Another lawsuit was filed in October 2011, this time by students of the surgical technology program. The students alleged similar deception about the school's program accreditation status, as well as fraudulent fees for dormitory and cafeteria expenses. The school had no dormitories or cafeteria. The school denied the allegations and noted that at the time of the allegations, some graduates of the program were employed as surgical technicians, noting that graduating from a school with the program accreditation in question is not required by the state of Mississippi to gain employment in that field.

==National attention==
In 2010, a series of federal investigations revealed abuse in the for-profit education industry. ECA schools were not investigated or implicated in the investigations. The investigations "found that recruiters would lure students—often members of minorities, veterans, the homeless and low-income people—with promises of quick degrees and post-graduation jobs but often leave them poorly prepared and burdened with staggering federal loans." In response to those investigations, in 2011, the Obama administration proposed a series of rules to crack down on rampant abuse in the industry. In response the proposals, ECA's owners were instrumental in a lobbying effort, along with other colleges, that found errors in conclusions from a Government Accountability Office investigation, leading the GAO to revise some of its statements about industry practices. During the lobbying blitz, Senator Tom Harkin, Democrat of Iowa, who led congressional hearings into the colleges, claimed he was directly threatened by Avy Stein, a partner in the private equity firm that owns ECA. Stein denied he threat and said Harkin's account was "totally incorrect," adding: "Under no circumstances would I would ever threaten a U.S. senator." In the end, Duncan and his department decided that the initial criteria for determining how effectively schools prepared students for jobs simply went too far. Justin Hamilton, an Education Department spokesman, said the original framework "would have unnecessarily eliminated many, many good schools along with the bad."

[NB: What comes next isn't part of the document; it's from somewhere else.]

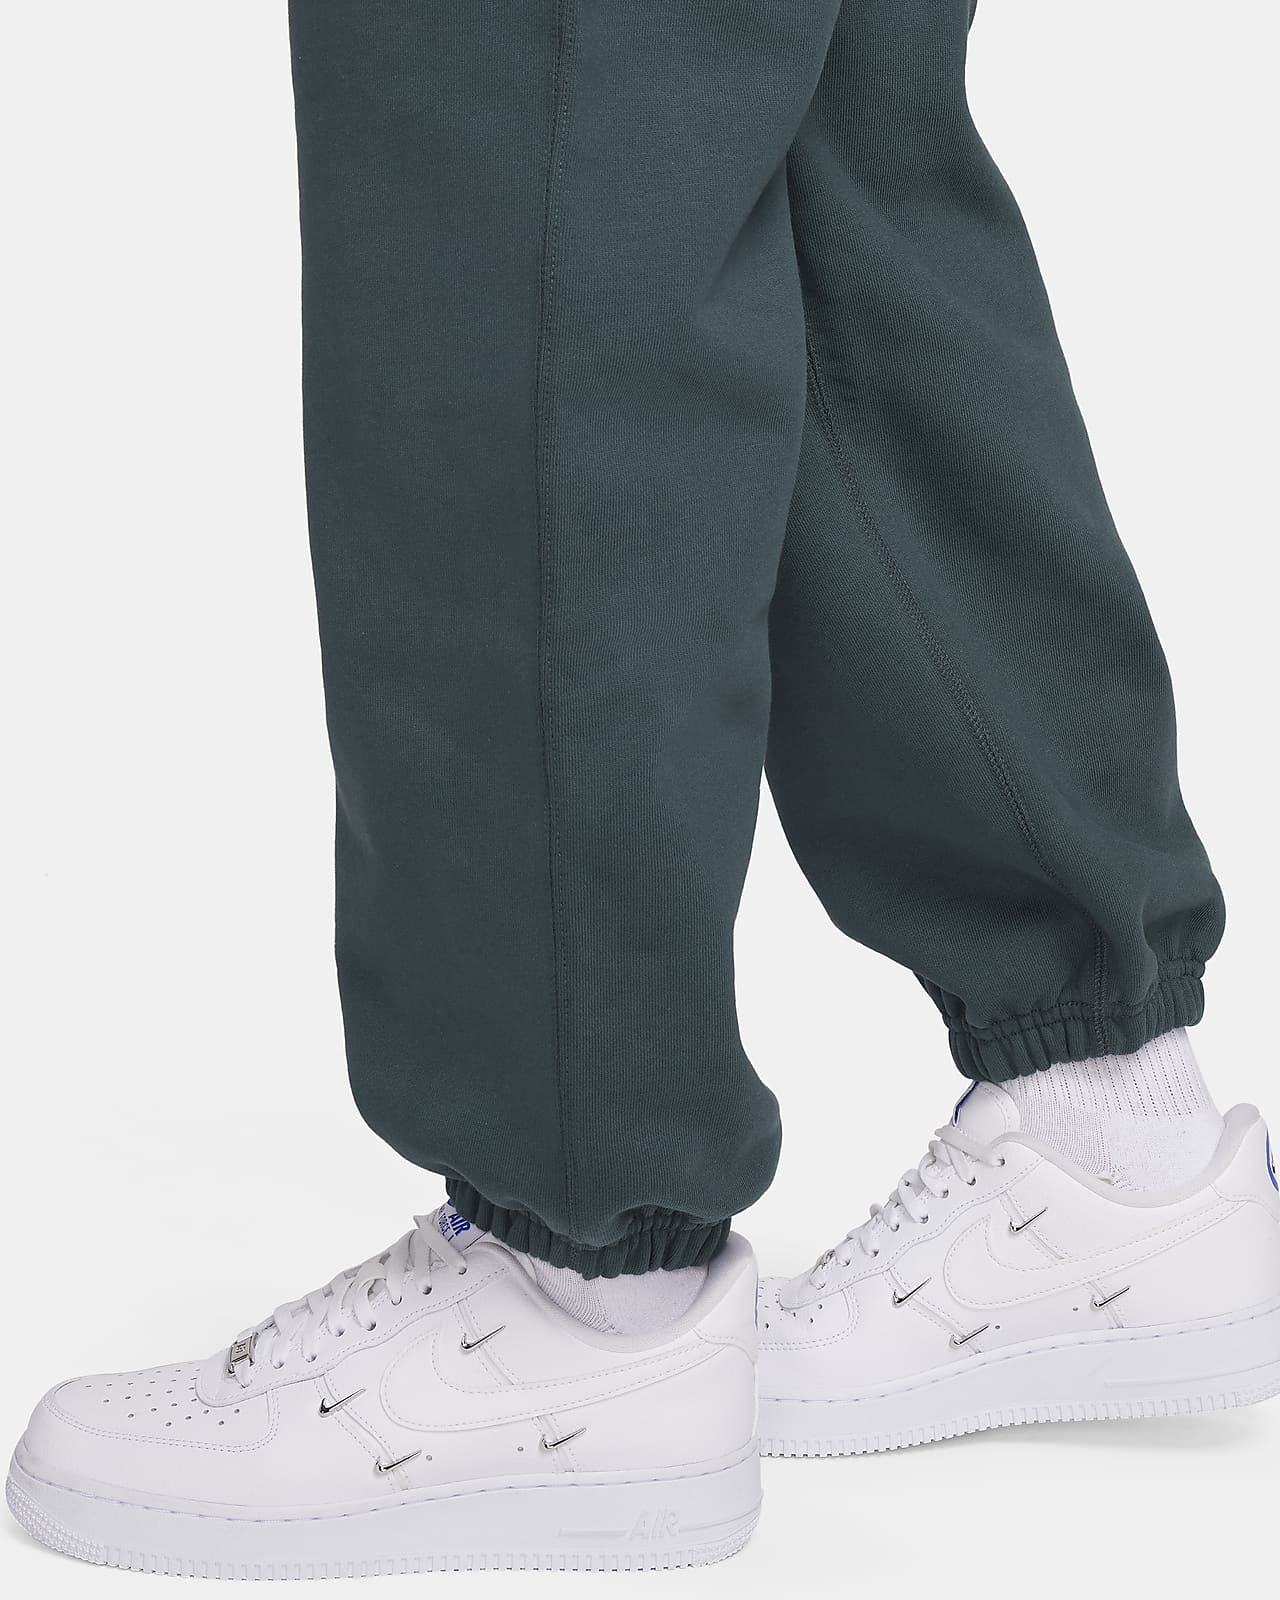 XL] Nike NRG hoodie (CV0552-121) + [S] Nike NRG pants (CW5460-121), White  set

On January 6, 2020, creditors were successfully able to push Education Corporation of America into Chapter 11 bankruptcy. In 2022, the ECA schools of Brightwood College, Brightwood Career Institute, and Virginia College were part of 153 institutions included in student loan cancellation due to alleged fraud. The class action was brought by a group of more than 200,000 student borrowers, assisted by the Project on Predatory Student Lending, part of the Legal Services Center of Harvard Law School. A settlement was approved in August of 2022, stating that the schools on the list were included "substantial misconduct by the listed schools, whether credibly alleged or in some instances proven." In April of 2023, the Supreme Court rejected a challenge to the settlement and allowed to proceed the debt cancellation due to alleged fraud.